What you need to do :: Repeat all the lines below exactly, but omit the pictures.

Recorded information ::
↓

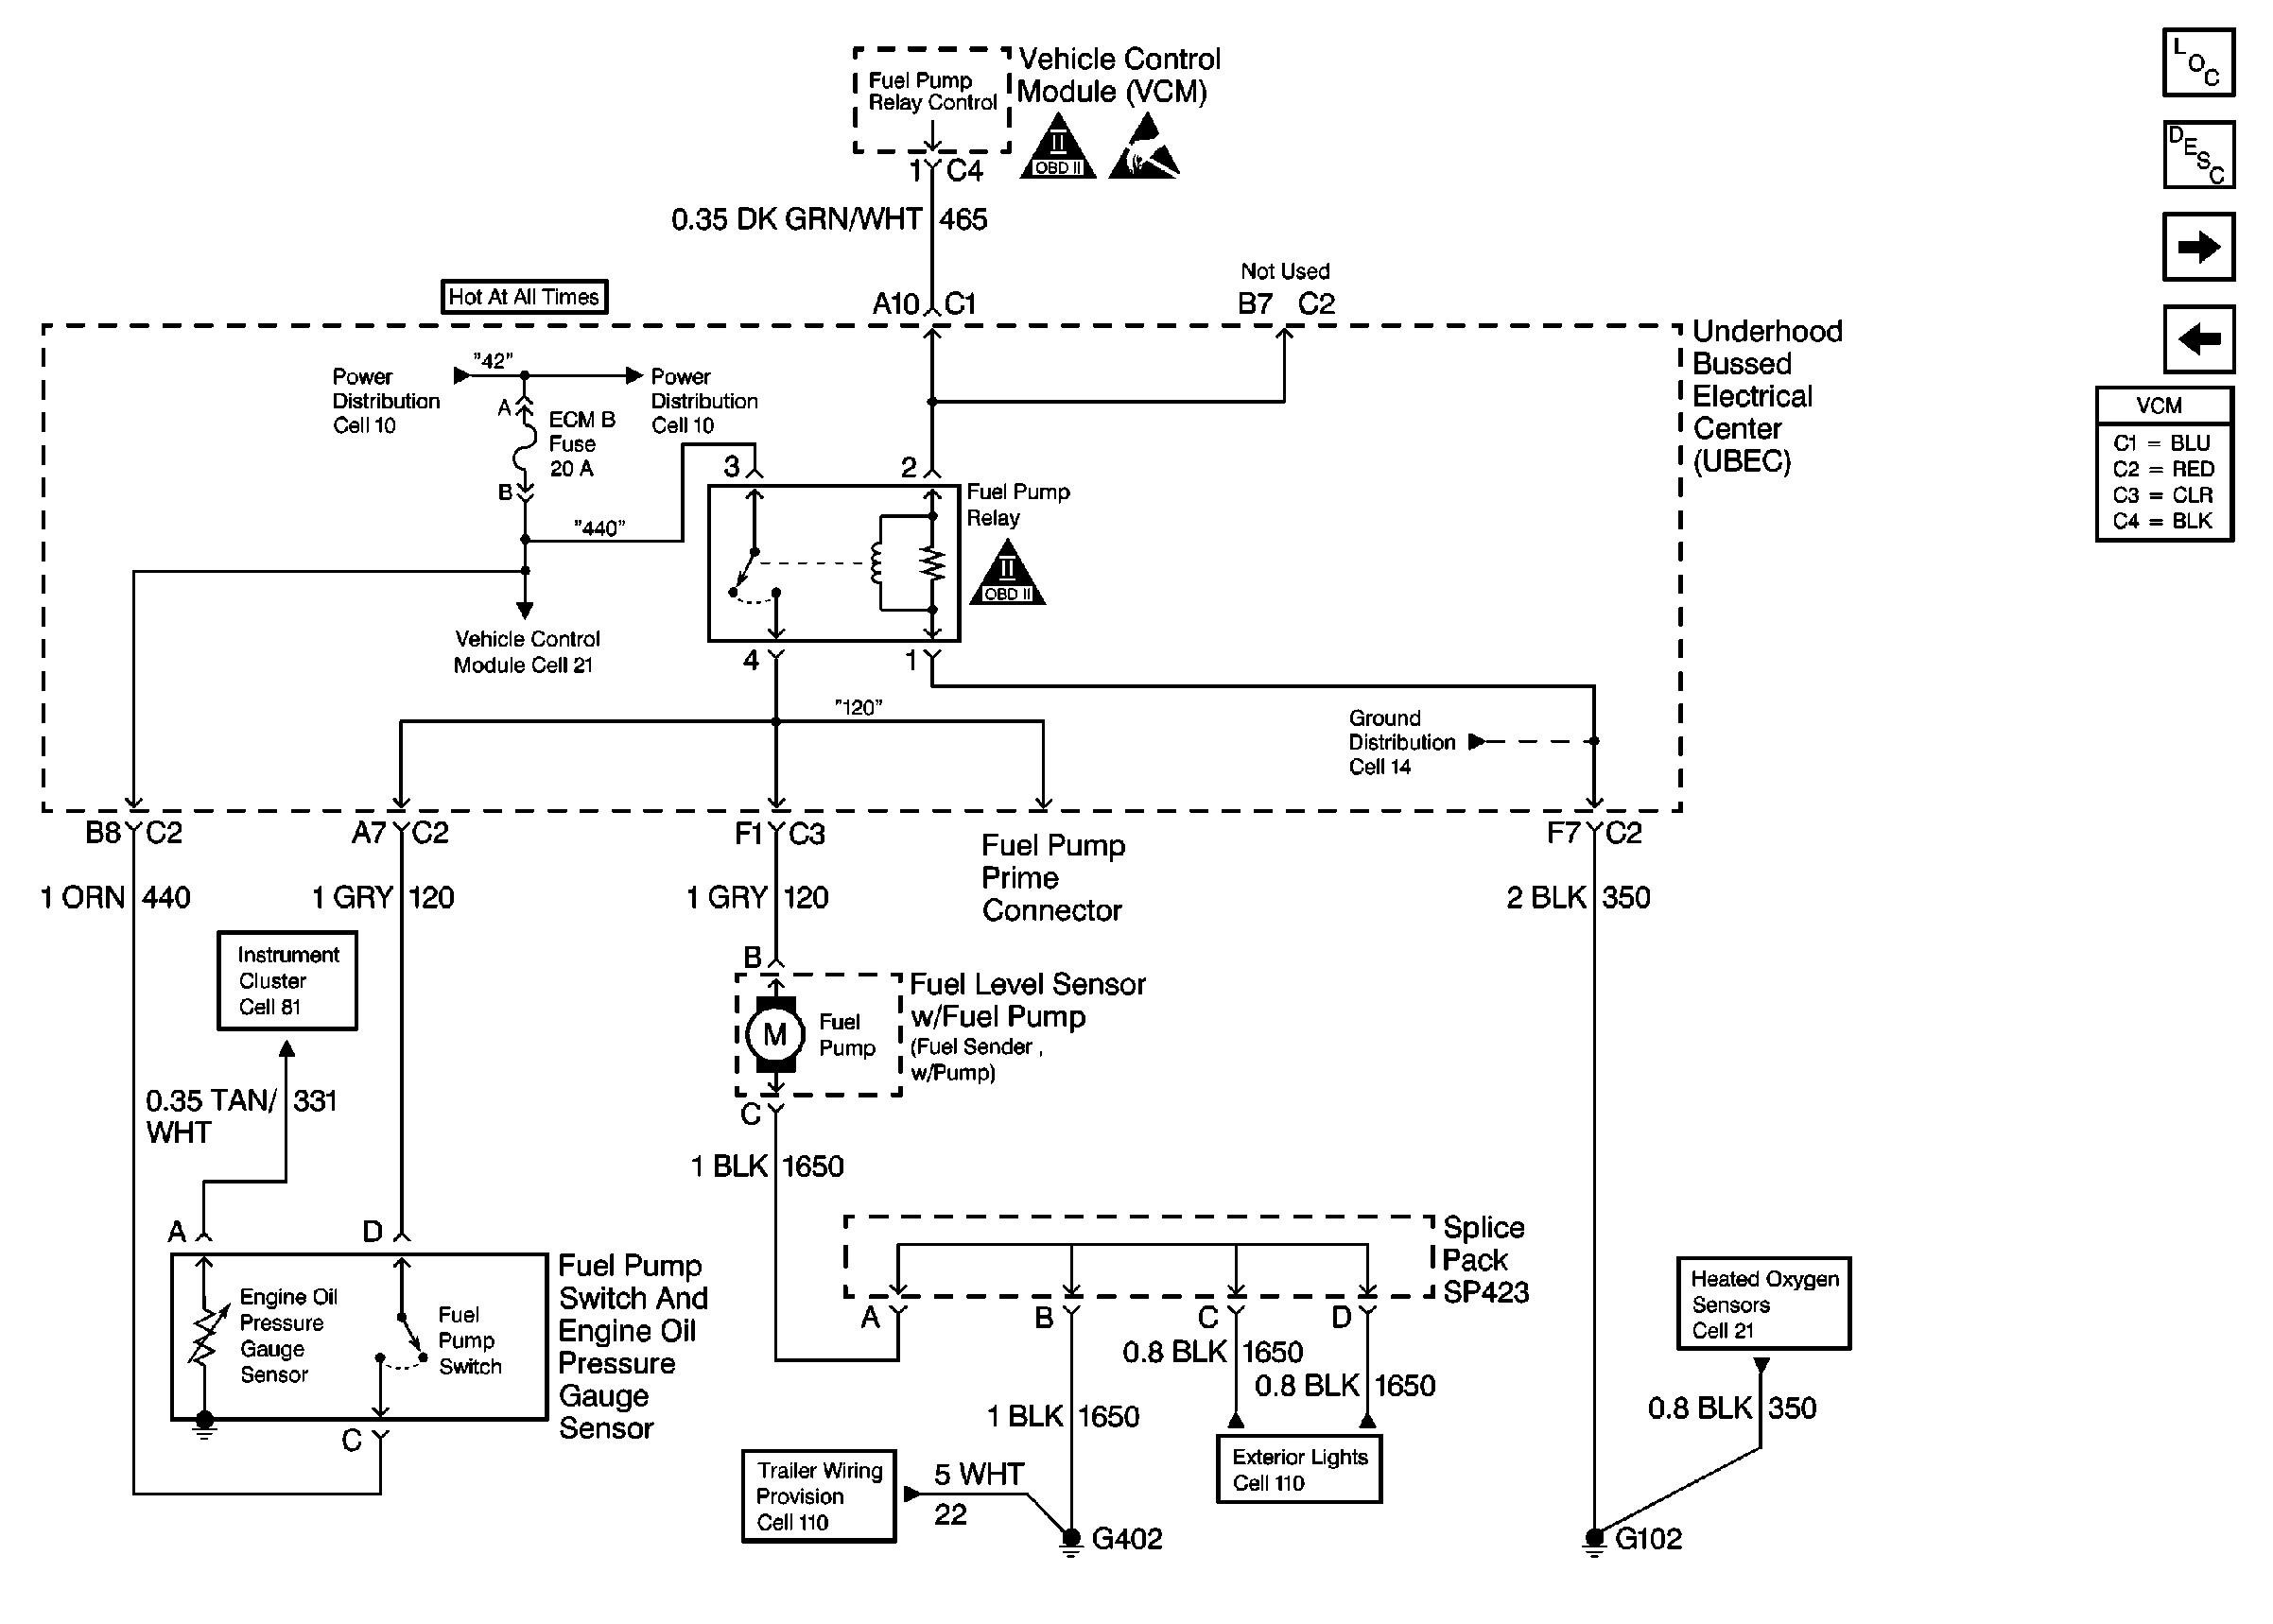 gm fuel pump wiring diagram chevrolet fuel pump wiring diagram rh kolnetanya
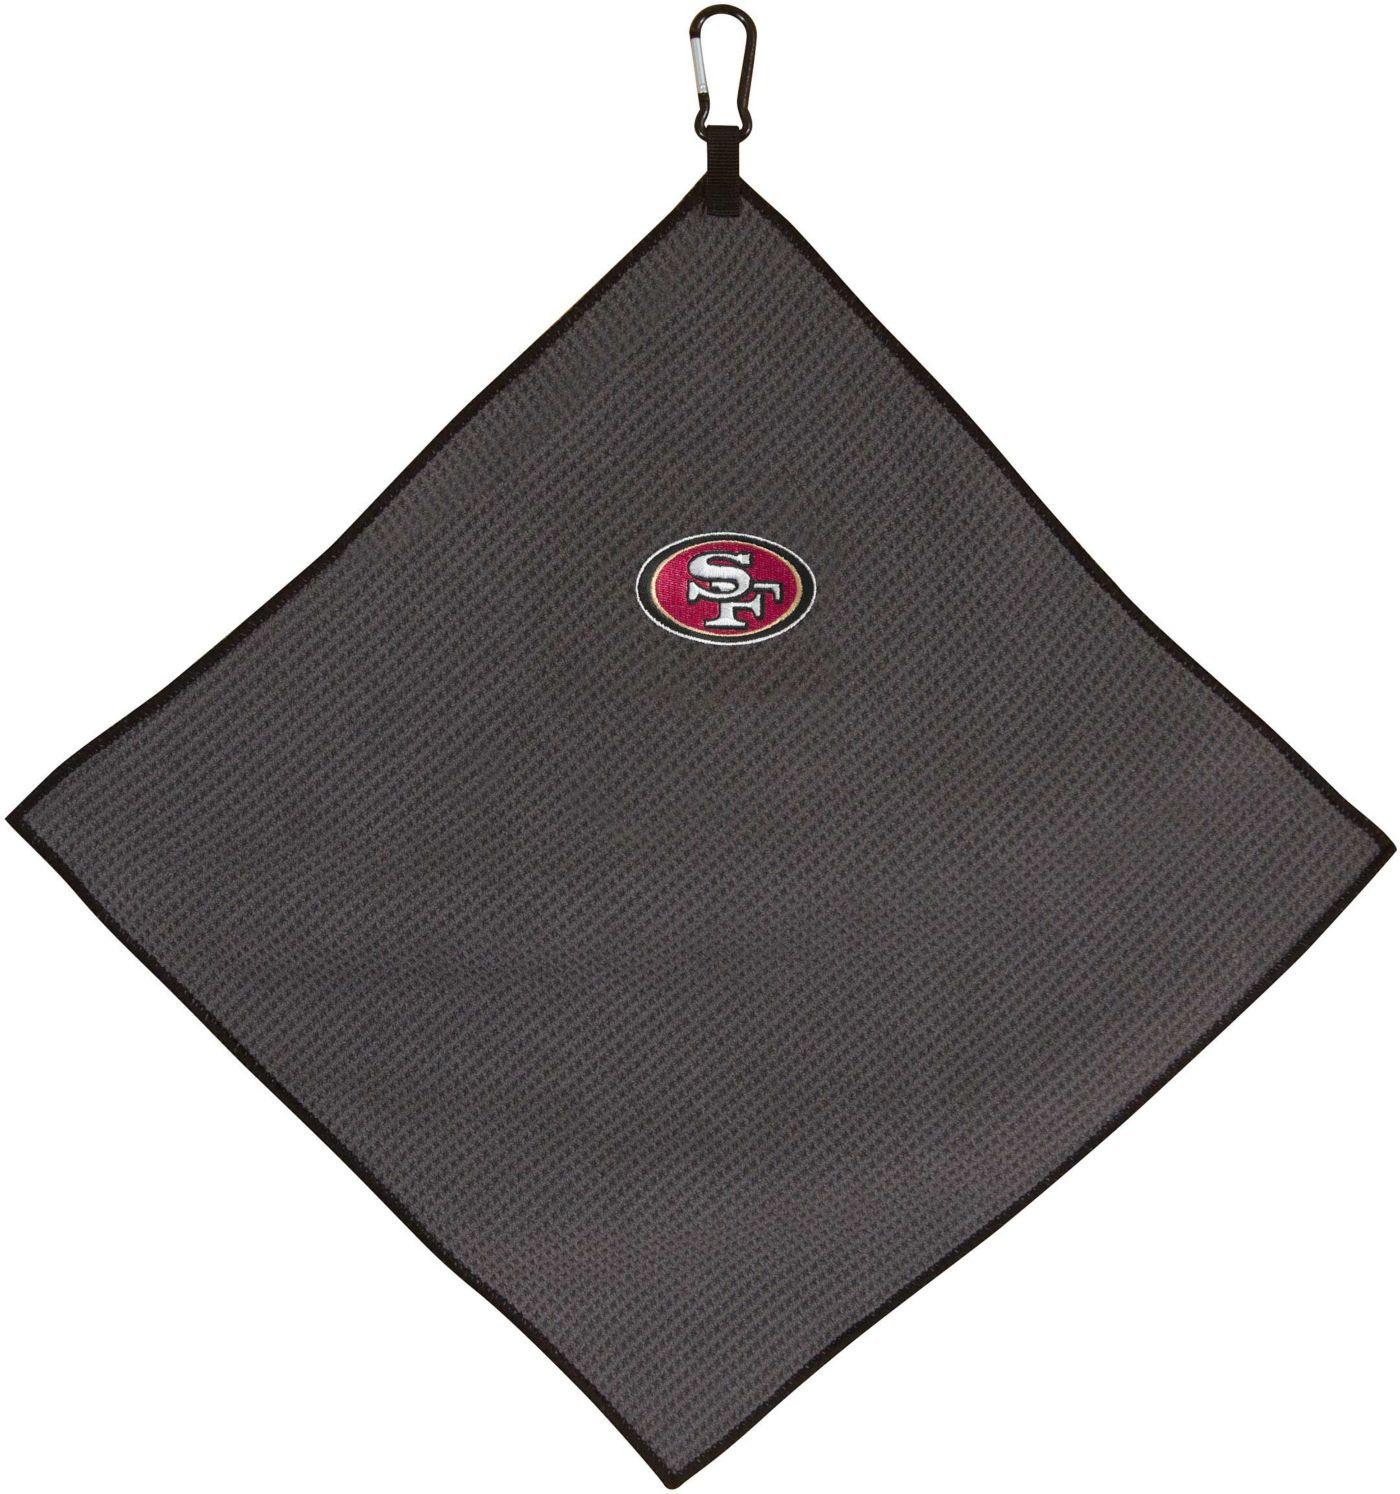 "Team Effort San Francisco 49ers 15"" x 15"" Microfiber Golf Towel"
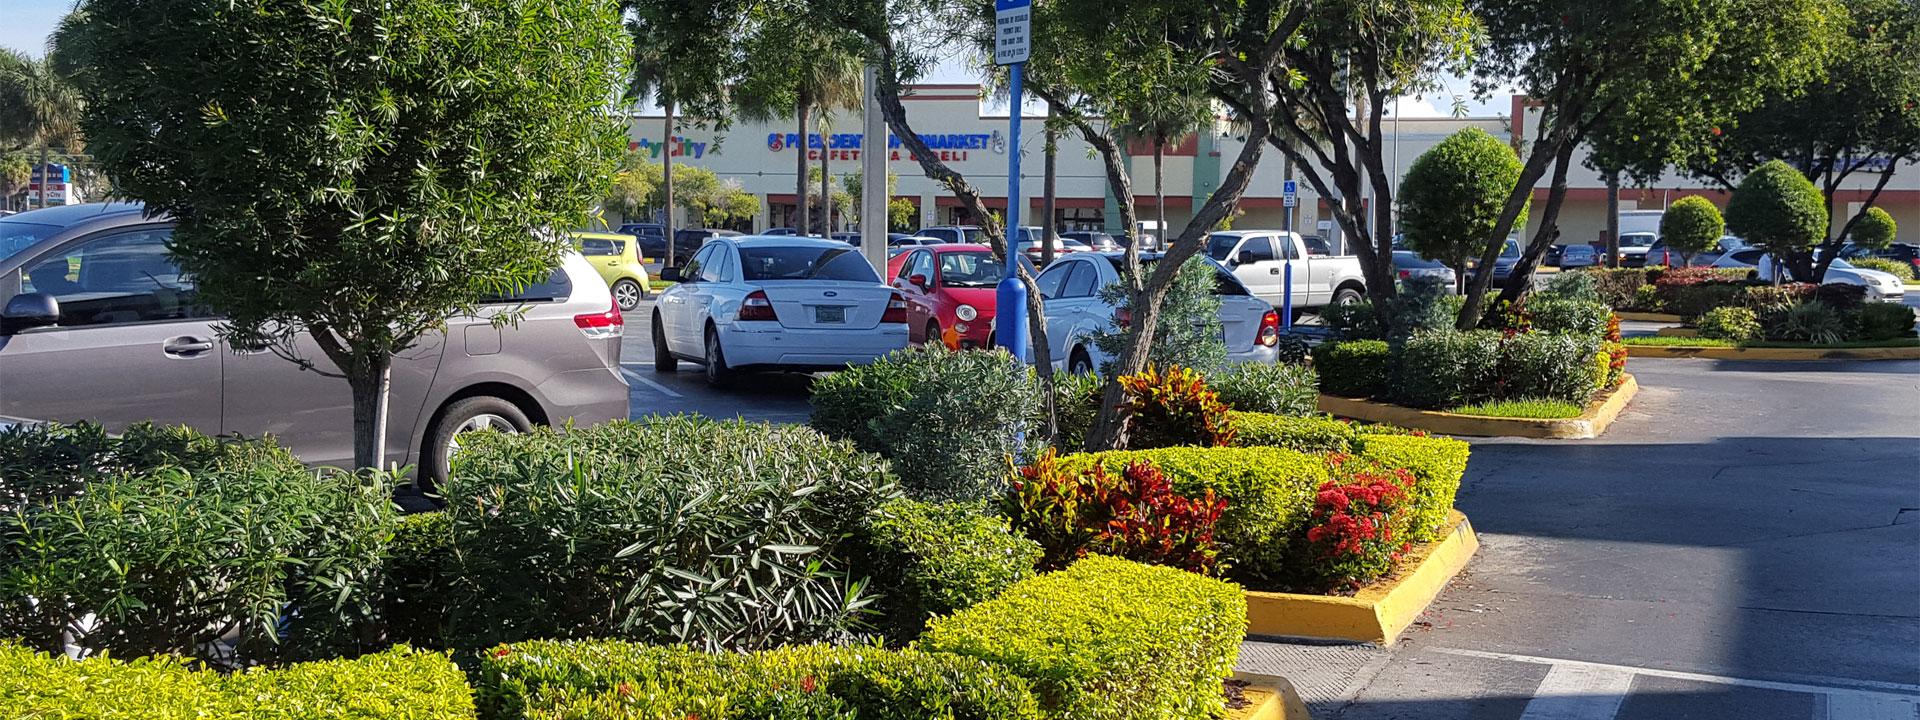 green experts parking
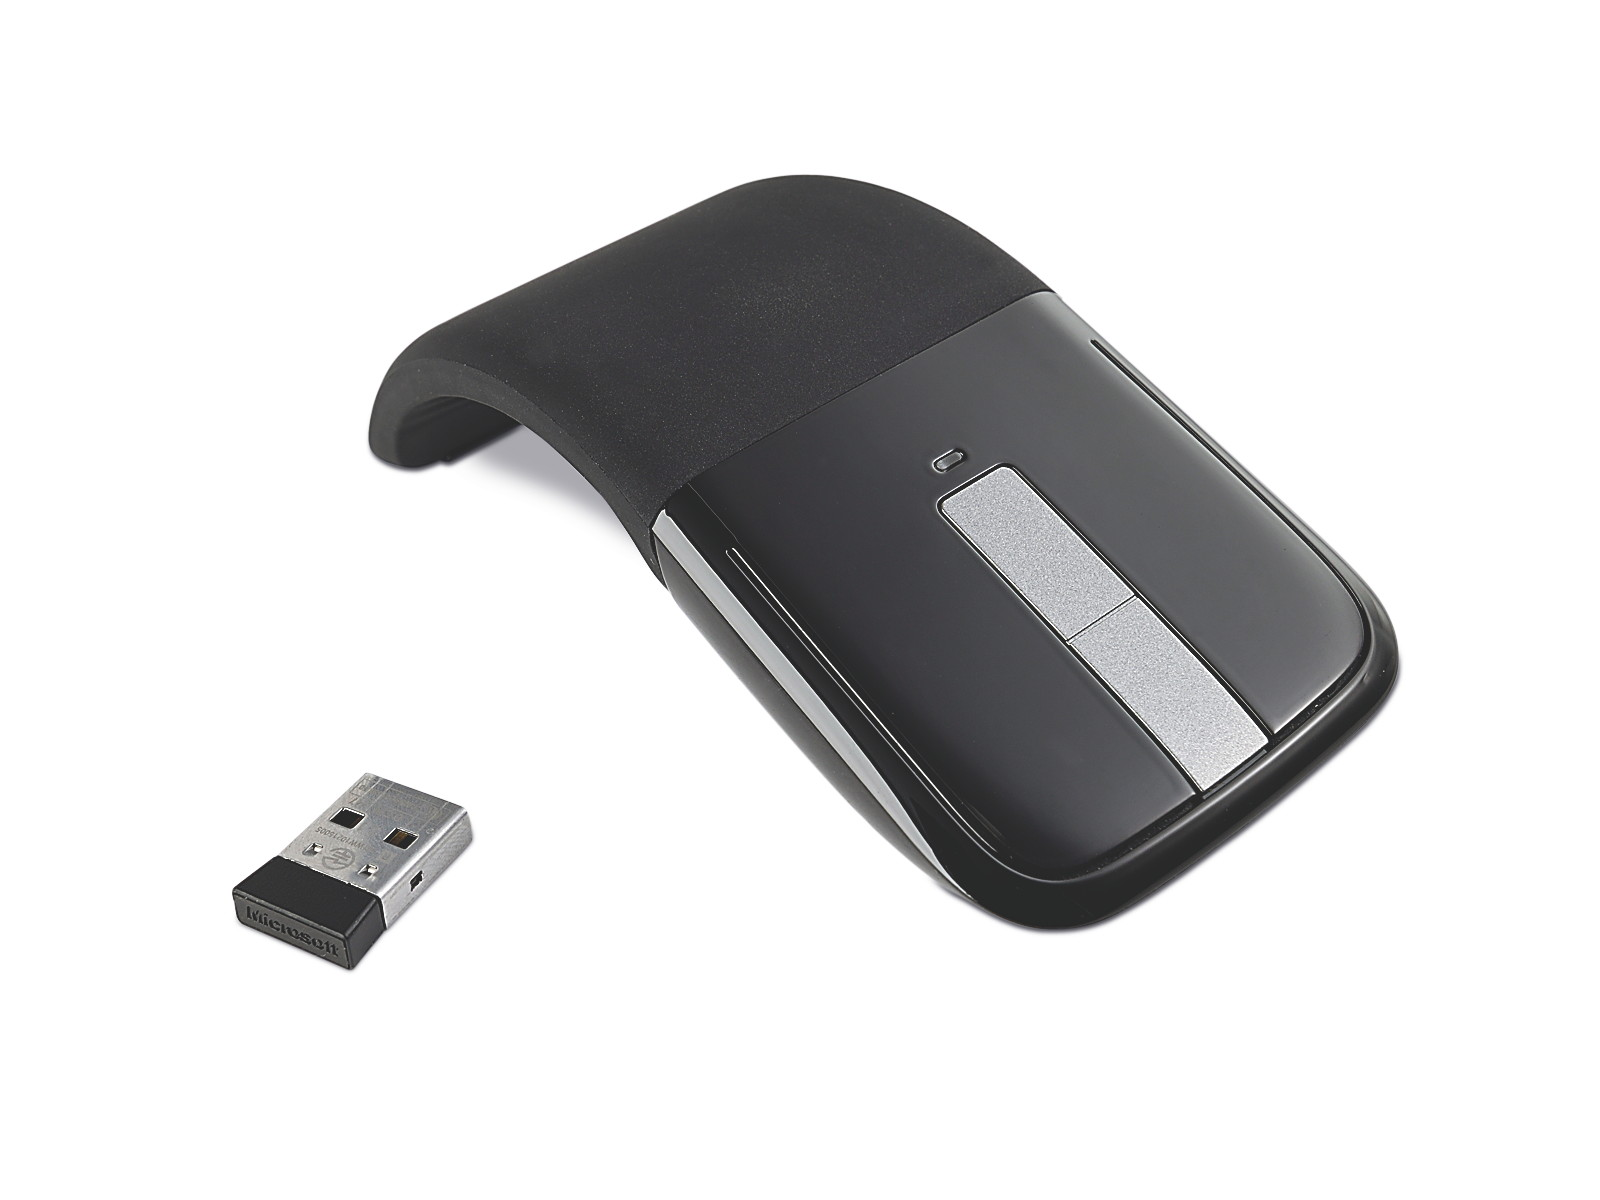 Microsoft Arc Touch Mouse - мышка с гибким корпусом (9)

↑

Output ::
 gm fuel pump wiring diagram chevrolet fuel pump wiring diagram rh kolnetanya
 "Team Effort San Francisco 49ers 15"" x 15"" Microfiber Golf Towel"
 green experts parking
 Microsoft Arc Touch Mouse - мышка с гибким корпусом (9)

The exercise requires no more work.